Bug 1860522

Summary: OVN-kubernetes --- servers get stuck after reboot on ovnkube-node pods
Product: OpenShift Container Platform Reporter: Andreas Karis <akaris>
Component: NetworkingAssignee: Dumitru Ceara <dceara>
Networking sub component: ovn-kubernetes QA Contact: Ross Brattain <rbrattai>
Status: CLOSED ERRATA Docs Contact:
Severity: high    
Priority: high CC: anusaxen, bbennett, dcbw, ealcaniz, mmichels, nusiddiq, rkhan, trozet
Version: 4.4Keywords: Reopened
Target Milestone: ---   
Target Release: 4.6.0   
Hardware: Unspecified   
OS: Unspecified   
Whiteboard:
Fixed In Version: Doc Type: If docs needed, set a value
Doc Text:
Story Points: ---
Clone Of:
: 1867183 (view as bug list) Environment:
Last Closed: 2020-10-27 16:17:14 UTC Type: Bug
Regression: --- Mount Type: ---
Documentation: --- CRM:
Verified Versions: Category: ---
oVirt Team: --- RHEL 7.3 requirements from Atomic Host:
Cloudforms Team: --- Target Upstream Version:
Embargoed:
Bug Depends On: 1867183, 1867185, 1878099    
Bug Blocks:    

Description Andreas Karis 2020-07-24 22:07:10 UTC
Description of problem:
OVN-kubernetes --- servers get stuck after reboot on ovnkube-node pods
The customer can reproduce this by rebooting their nodes on their 4.4.11 cluster 




Version-Release number of selected component (if applicable):


How reproducible:


Steps to Reproduce:
1.
2.
3.

Actual results:


Expected results:


Additional info:

Comment 11 Dan Williams 2020-07-29 18:31:43 UTC
Just a note, if we ever see stuff about transaction failures or database inconsistency in northd logs or anywhere else, we need to get *all* the master DBs.

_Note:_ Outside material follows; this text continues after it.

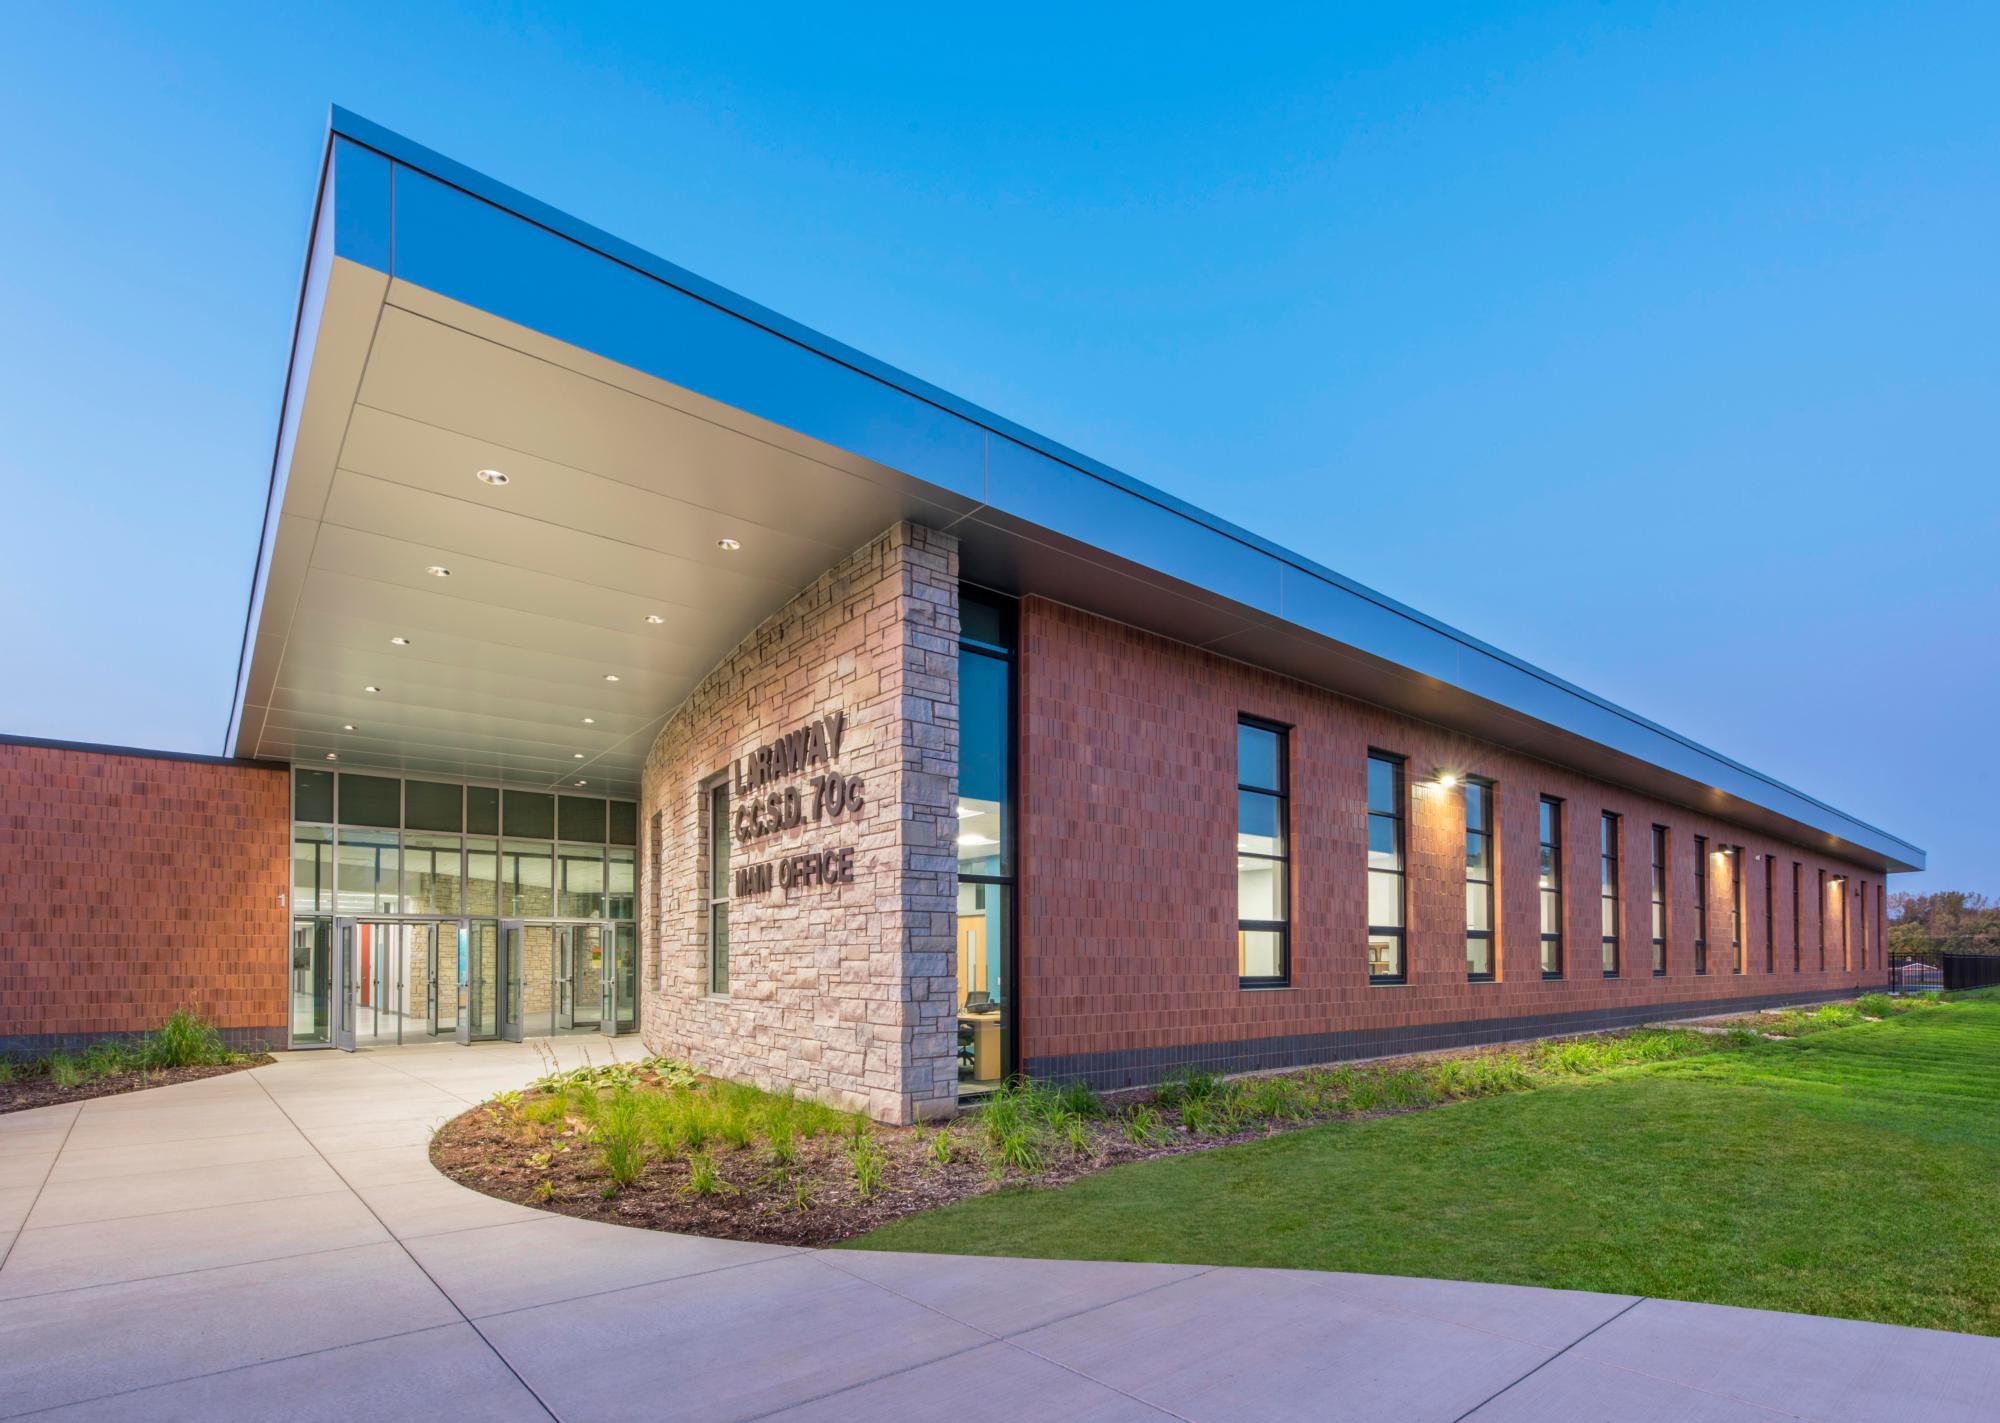 Image of the paved entryway into the red bricked New Laraway Elementary School

Comment 16 Dan Williams 2020-07-29 21:33:51 UTC
@Andreas, is the cluster still 4.4.11?

For those playing along at home 4.4.11 has:

ovn2.13.x86_64 0:2.13.0-31.el7fdp
openvswitch2.13.x86_64 0:2.13.0-29.el7fdp

Comment 27 Dan Williams 2020-08-07 19:35:03 UTC
*** Bug 1861087 has been marked as a duplicate of this bug. ***

Comment 30 Ben Bennett 2020-08-24 14:49:16 UTC
Reopening so we can use this bug to update the ovs version to get the fix.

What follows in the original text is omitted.